- Developer: Sega
- Publisher: Sega
- Platforms: iOS Android
- Release: JP: December 12, 2012; NA: January 17, 2013;
- Genres: Massively-multiplayer Strategy
- Modes: Single-player, multiplayer

= Kingdom Conquest II =

2012 massively multiplayer online video game

Kingdom Conquest II (キングダムコンクエストII, Kingudamu Konkuesuto II) is a Massively multiplayer online strategy game with incorporated city-building, card collection and third-person action gameplay elements, developed and published by Sega for iOS and Android devices in 2012. It is free to download and play, and offers several in-game purchases to enhance gameplay. A prequel, titled Kingdom Conquest, was released in Japan in January 2011, and worldwide in November 2010. The game will be ending its service on 31 August 2017 13:00 Japan time, and its sequel Kingdom Conquest: Dark Empire is being developed.

==Gameplay==

In Kingdom Conquest II, players must manage a kingdom in the world of Magna, building and upgrading facilities, managing resources, and collecting Monster Cards that can be drawn from randomized Card Packs. These Card Packs can either be purchased through In-App Purchases or with tickets obtained by running Dungeons in a 3rd Person 3D Dungeon Combat system, where players fight successive waves of enemies, or it can be obtained with challenging the rivals in the Arena to gain the draw ticket for the monsters.

The goal of the game is to work collaboratively with other players to rule the fictional world of Magna, which is populated by other players as well as by Monsters, who are found in every section of the gridded World Map. Players must send Monster Units (combinations of various Monster Cards) to various territories, and a successful battle will transfer control of that territory to the player.
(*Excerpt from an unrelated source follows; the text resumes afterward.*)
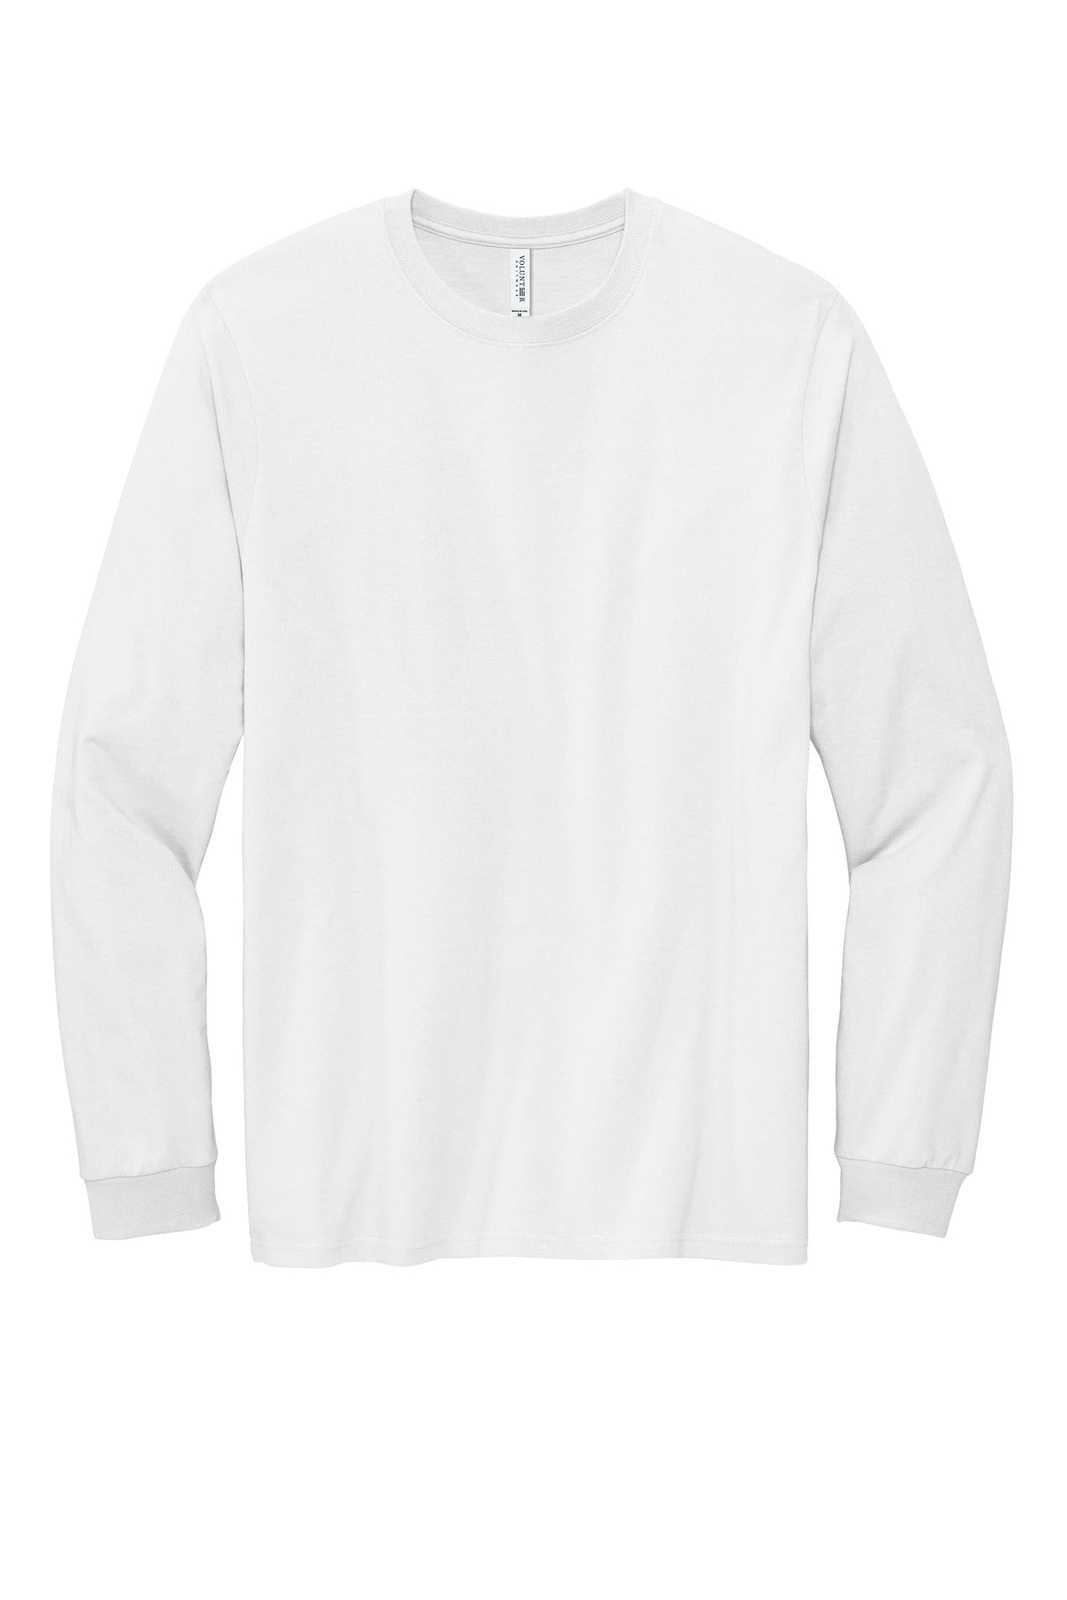 Volunteer Knitwear VL60LS Chore Long Sleeve Tee - White - HIT a Double - 1

In this way, players must vie for control over areas of the map, with the ultimate goal of conquering Debris Towers, enormous Spires filled with Monsters.

The game is split into seasons, each of which lasts until control over the debris towers is settled and one Alliance has emerged victorious. With the end of one season, and the start of another, players' cities are reset, and they must start over. This ensures that new players have an opportunity to compete with veteran players by starting on relatively equal footing.

New content, such as additional unique Monster Cards, is added regularly. Various competitive events also take place to encourage players to engage one another.

==Changes and additions==
In the dungeon mode for the Kingdom Conquest II, Ninja and Saint were added as the new character classes since the prequel.

For the main castle, the buildings are use the grid size to build instead of the single grid in the prequel. The resources type are reduced from four into three.